Nice story huh. Anyway this little anecdote got me wondering, just what relevance, if any ethnic identity has in modernity, even in the life of a person of my generation. For starters, the rite I just described in paragraph above is in itself no longer relevant as to the best of my knowledge the bone in question at the time was either composted or given to a dog somewhere. There are many old practices similar to the example I have given, with polygamy and Female Genital Cutting the most publicised. Neither seem particularly necessary in today’s world whilst FGM has been proven beyond reasonable doubt to be nothing but a threat to the health of the girl child. Yet practices such as these seem to linger. Supported, if not practiced, even by younger generation Africans. Most young Africans are so westernised these days that we can hardly even speak our respective mother tongues with at all, never mind with any great deal of fluency. On the other hand some of us, myself included, have older relatives (probably a grandmother, grandfather even a great grand father somewhere) who speak nothing but the tribal mother tongue. On that basis, alone we find ourselves cut off from our older generations.

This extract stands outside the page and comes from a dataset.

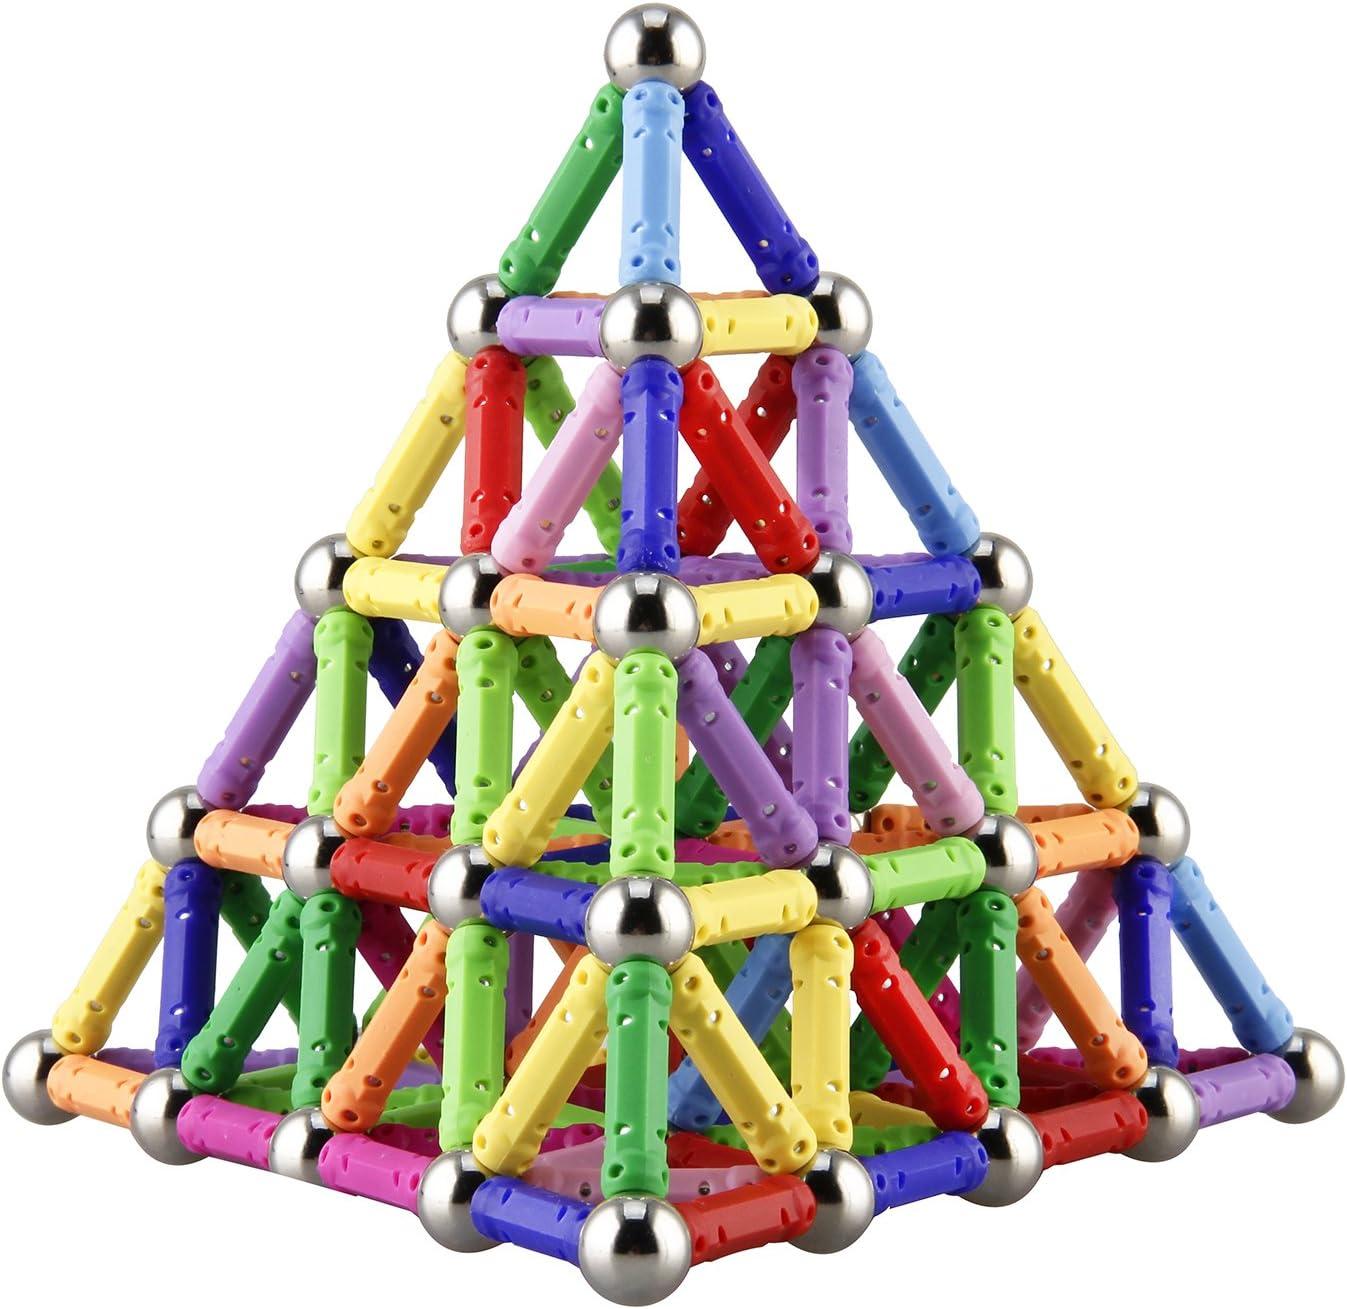 ELONGDI 130 Pieces - Magnetic Time sale Se OFFicial store Sticks Building Blocks

Then there is the small matter of voting during elections. In 14 days time I might be exercising that right for the first time. In this referendum, should I vote on how I understand this draft constitution, or what the big men in the local M.P’s political party? Fortunately, for me in particular these two things dovetail nicely so it is not really a big deal. However, what happens when I see things differently from the official ‘tribal line.’
We Africans have already seen how high the price can be for entire communities caught up in the wrong ‘tribal block’ in the wrong place at the wrong time, Kenya in early 2008 and Rwanda in 1994 being the most graphic cases. Should the fact that you happen to be born to family with ambiguously relations to some fat old man in a suit, a house on a hill be the defining factor on how you vote. It might be an advantage because you no longer have to agonise over, how clever or stupid the person carrying the flag at council level is. It might give a little bit of identity because you get to participate in a collective act of identification but at what cost. You mostly end up with a government full of mediocre individuals mostly either lining their pockets with tax money or simply failing to stand up for you when you actually need his assistance. Certainly, ethnicity should not be allowed to dictate some things yet the reality is it often does. Even when that representative of the community benefit’s the tribe as a whole what happens to those communities whose ‘representatives’ miss out?

All in all many young people in Africa today certainly still know that we have Igbo, Somali, Maasai, Xhosa, Fulani, Shona, Hutu, etc (the list is endless) blood flowing in their veins. Thusly this has certain effects on our identity and relations (some I have mentioned here some I haven’t) on how we relate to one another and our environments. Mostly the effects are negative, retrogressive, and or unappealing. Can things be different especially now, as I believe many African countries are set to witness a generational shift in leadership to a crop of leaders with no memory of colonialism? Perhaps yes, perhaps not.